What is the NTCAT? The Tribunal will be led by a President (who is likely to be a Magistrate), supported by one or more Deputy Presidents (who can be a Magistrate or a legal practitioner eligible for appointment as a Magistrate) and Ordinary Members (who can be legal practitioners of not less than 5 years standing or individuals with suitable knowledge or experience).
What is the NTCAT? The focus of the Tribunal will be on resolving disputes, reviewing decisions of agencies, statutory office holders and statutory bodies and conducting disciplinary proceedings for a range of professions, vocations and occupations.

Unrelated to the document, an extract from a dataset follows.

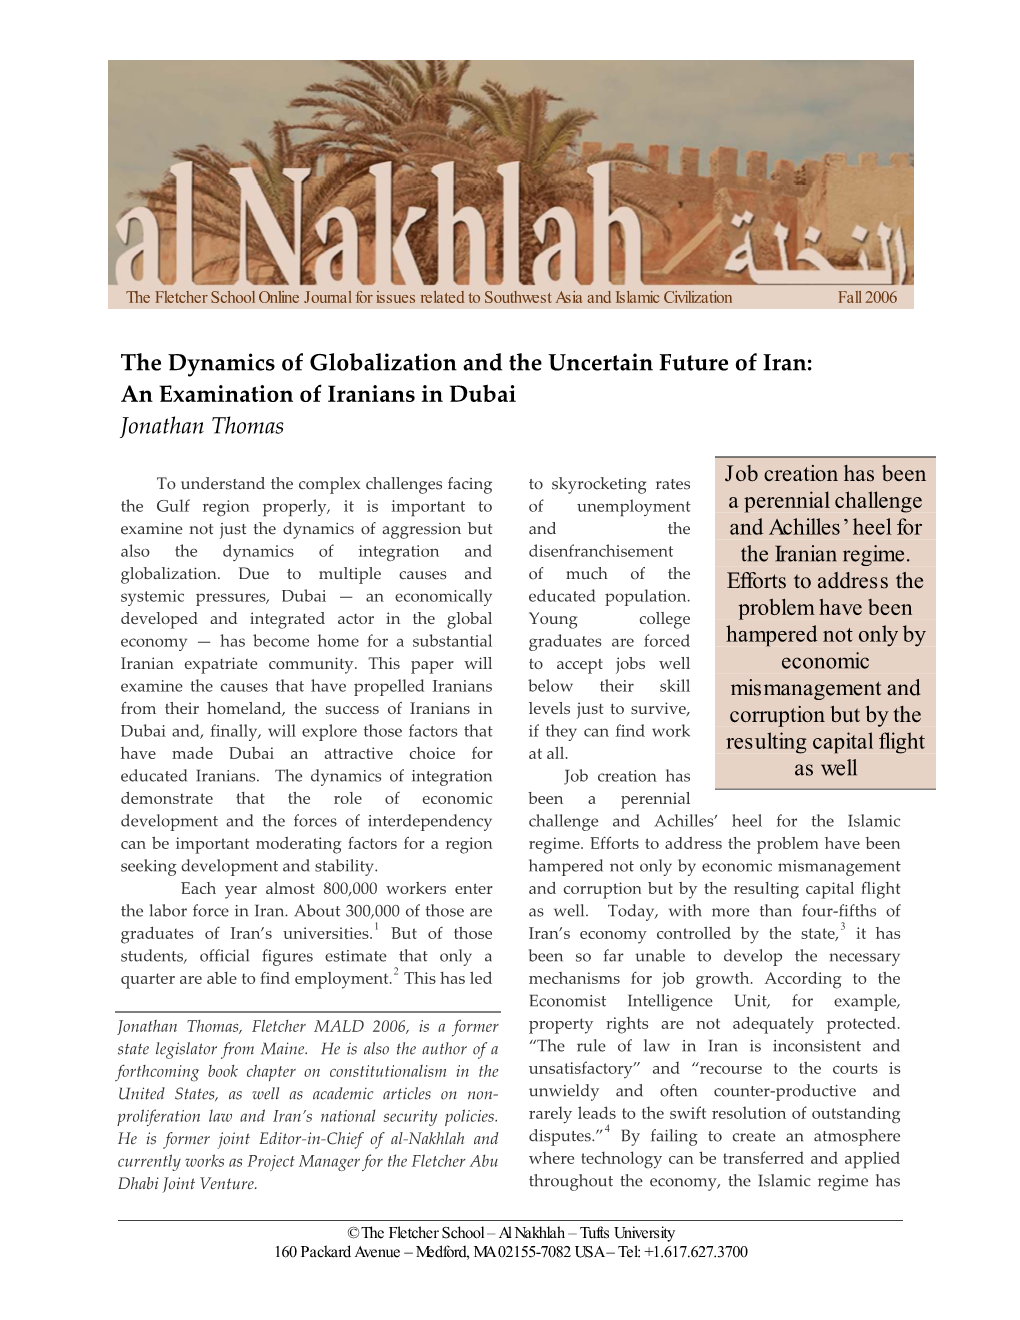 The Dynamics of Globalization and the Uncertain Future of Iran: an Examination of Iranians in Dubai -- Al Nakhlah

Benefits This Tribunal will provide a single, easy to find, easy to use, non-judicial body, for fair and independent resolution of disputes relating to administrative decisions. Government has also indicated an intention for the Small Claims jurisdiction of the Local Court to be transferred to the Tribunal.
Benefits Its establishment will enable the consolidation of a range of existing tribunals and removes the present duplication of resources and inconsistencies at a governance and legislative level. This will lead to a more efficient, fairer and faster system of dispute resolution for the community.
Process Establishing the Tribunal requires the introduction of separate Bills, the first being the enabling legislation, which will set out the structure, membership, and other provisions that are required to facilitate the establishment of the Tribunal.
Process This enabling legislation will not however confer any jurisdiction on the Tribunal. Conferral of jurisdiction will be the subject of a series of separate Bills which will consequential amend other laws to authorize the Tribunal to exercise jurisdiction in specific matters.
Timing The enabling Bill establishing the Tribunal is likely to be introduced in the Legislative Assembly in the May Sittings for passage in June. Consequential amendment Bill(s) could be introduced in June to provide the Tribunal with its initial jurisdiction.
Timing If this were to occur, it is possible that the Tribunal would be established early in the new financial year.